When my son was conceived with my first IVF attempt, I gave just as much credit to that 5-page dog-eared diet document as to the acupuncture, Chinese herbs and a really skilled embryologist. Later when I started trying for baby #2, it was not as easy. IVF attempt after attempt…over and over again. With each failed attempt, I clung closer to the diet. It was all I knew. When I suffered a miscarriage at eight weeks, I blamed it on fatefully consuming a miniscule amount of peppermint (it’s cooling). Years later, I still wonder if food played a part in the miscarriage. Sound a bit nutty?
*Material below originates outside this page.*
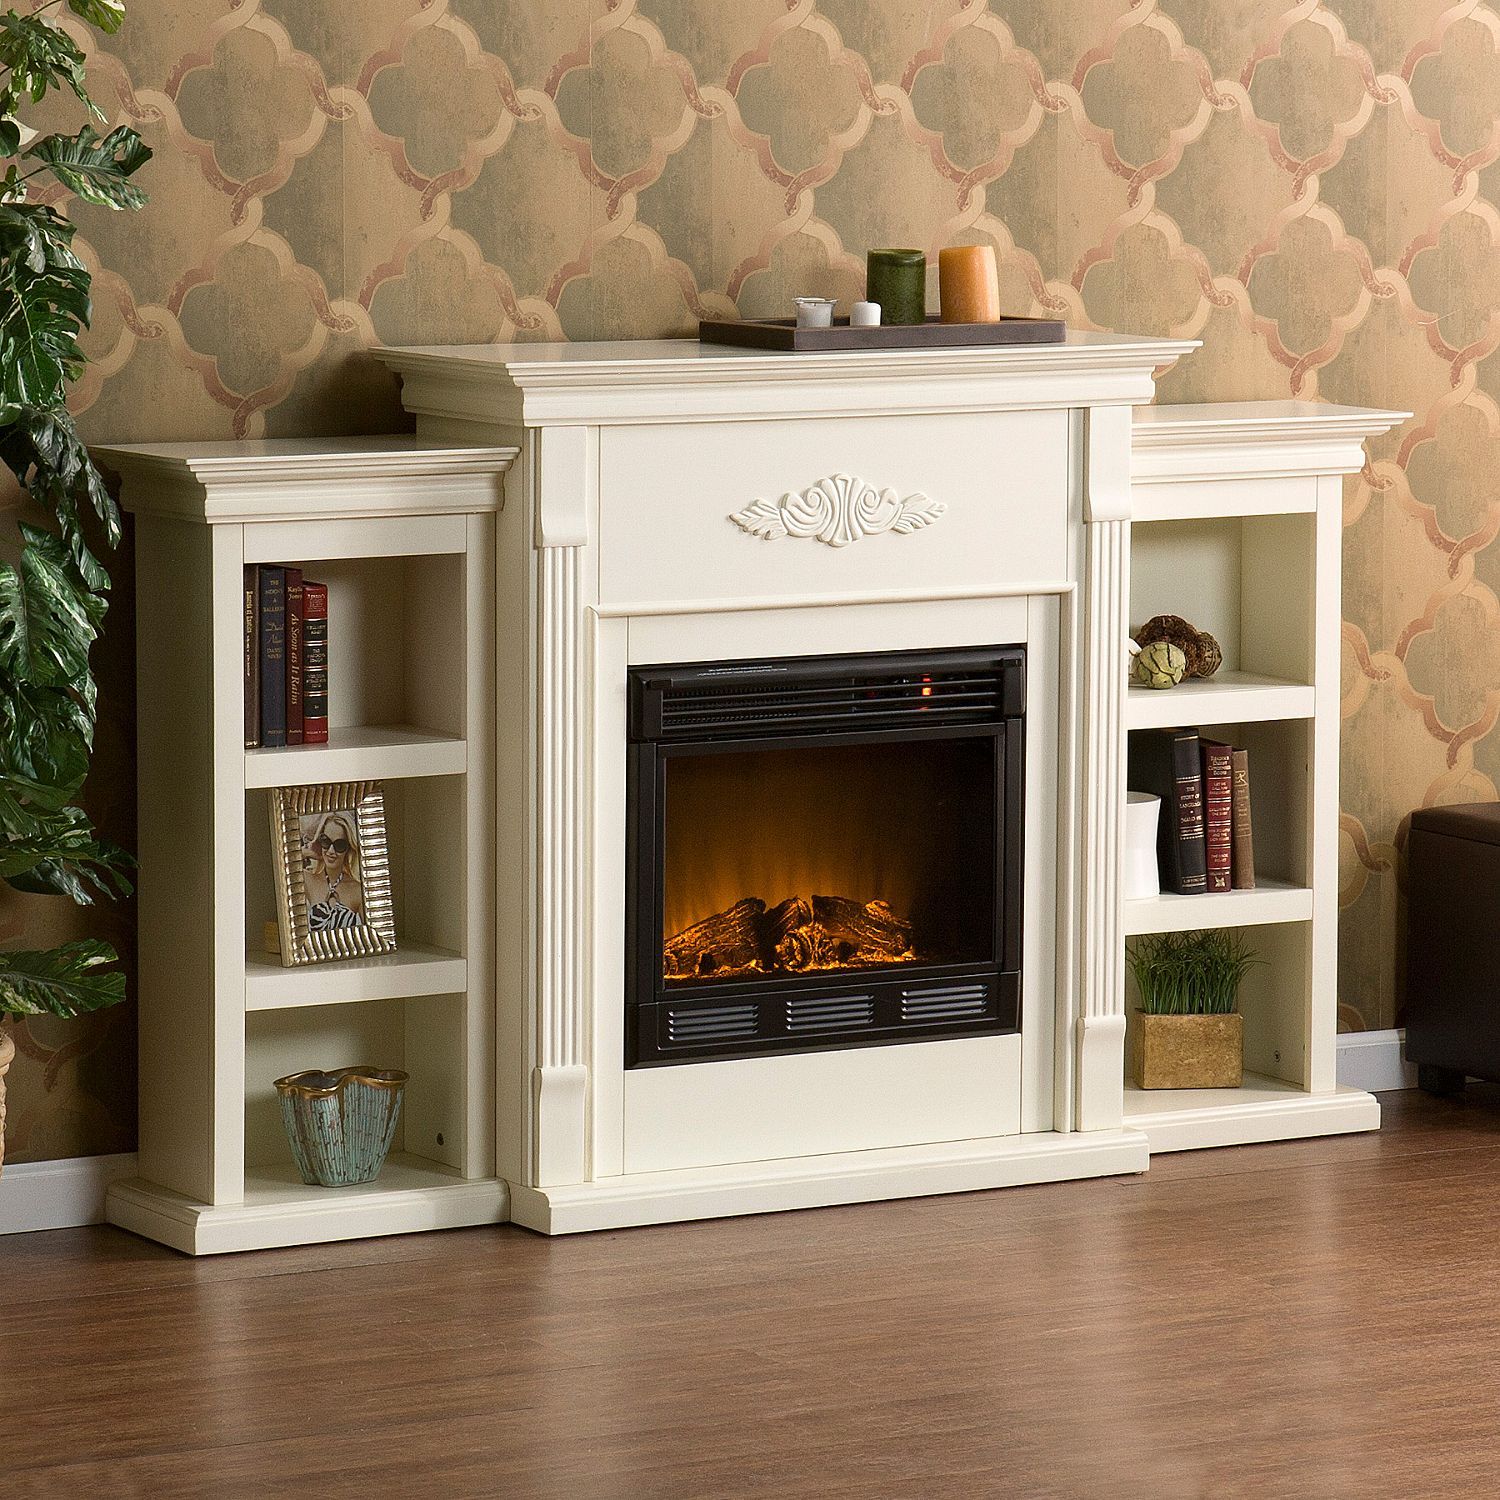 White Electric Fireplace with Shelves Inspirational Emerson Electric Fireplace Ivory Sam S Club

In a way, my five years of obsessively adhering to the “Chinese fertility diet” made me sane. I had unsurpassed control. In a world filled with injections, a draining bank account, dreaded post-IVF pregnancy test telephone calls, the juggling of a full-time career with the part-time job of being infertile…the diet was the one thing at which I truly excelled. As some holistic practitioners urged me to ditch the diet, I dug my heels in even deeper. I cursed and briskly shook my head at them in disgust for not understanding how badly I wanted another child. I had to stick to the diet…otherwise, there was no chance. The diet became an addiction – I adhered to the tenets of my food regime with great fervor. Period. There comes a time when you’d do anything to get pregnant, but losing yourself to food comes with a price. Were there low moments? Sure, racing around China Town in search of the perfect black chickens (head intact) and when I sat in restaurants afraid to eat or drink because the menu didn’t comply with my requisite dietary situation. So, there I sat thirsty, but steadfast in my belief that it would all pay off.
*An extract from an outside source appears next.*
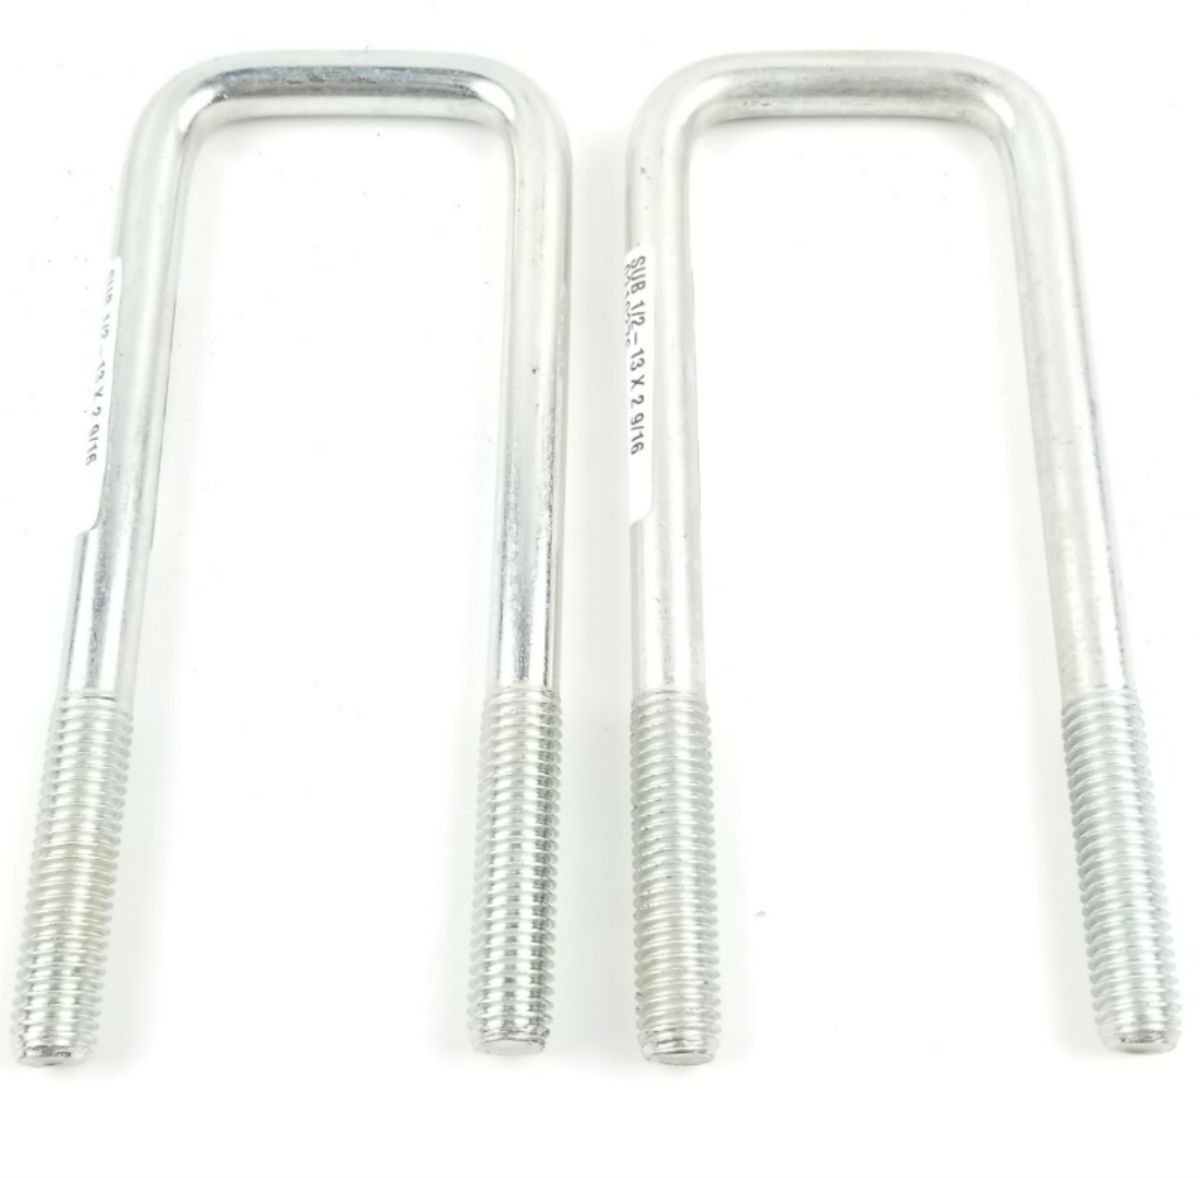 Shorelander 0310276 Square Submersible U-Bolt - 1/2 Inches x 2-1/8 Inches x 6-1/2 Inches - 2 Pack

At one point, I made peace with the diet and all of its peculiarities – after all, raw and cold foods made me bloat…I felt better when on the diet. Aha, that was the turning point – that, I was on the diet, not because it had control over me, I was on it because it made me feel better. Due to some hefty intervention, I’m on my way to balance. I guess I’m a recovering fertility diet addict. Am I there yet? No. Recently, I stood and longingly stared at a COLD and RAW spinach salad. My heart said “yes,” but my uterus said “no way.”
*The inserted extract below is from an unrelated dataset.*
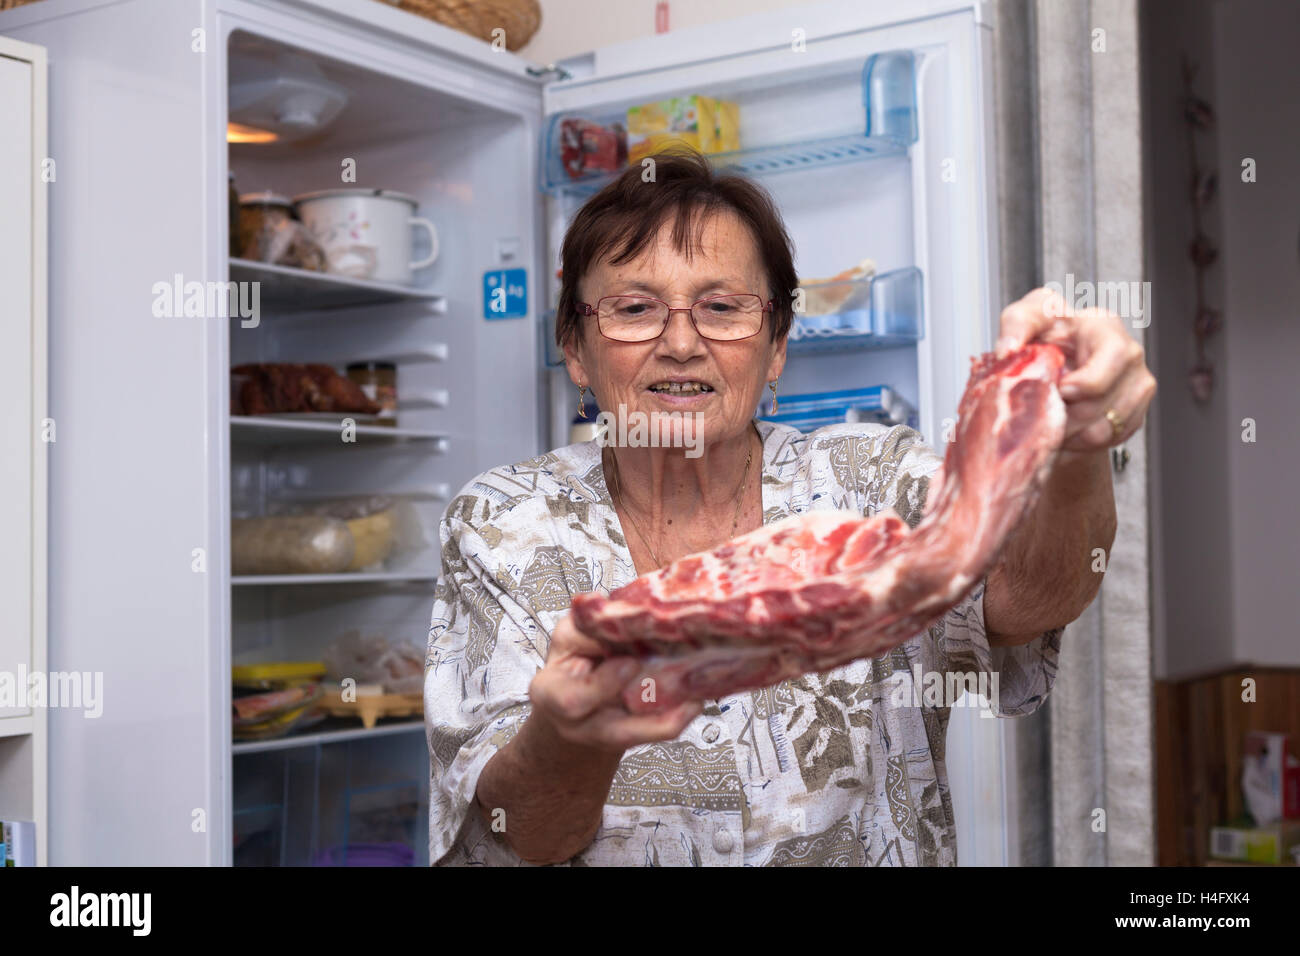 Senior woman holding raw pork ribs while standing in front of the open fridge in the kitchen. Stock Photo

Looking back, the irony is that, in many ways, the stress I was told to banish was only heightened by the diet. In the end, I have respect for those who encouraged the diet and no regrets for my journey, as it’s MY journey…the personal path I had to take. While there is the potential for despair when seeking motherhood on this level, there too is humor. I laugh at the creative excuses made to manage my “habit,” warming my water on the stove before I drank it, crying when mustard greens (cooling) were the vegetable of the day at my favorite restaurant or my son’s birthday parties where I cheerfully served ice crème to the revelers, but none for myself. Did I really NOT eat cake or ice crème at my son’s birthday parties for three years? Yep. Sad, but true. Despite my renewed outlook on food and fertility, I’m fully aware that at any time I could lapse and furiously rifle through desk drawers in search of the “diet booklet.” Or, I can just trust my body. Hmm, what would you do?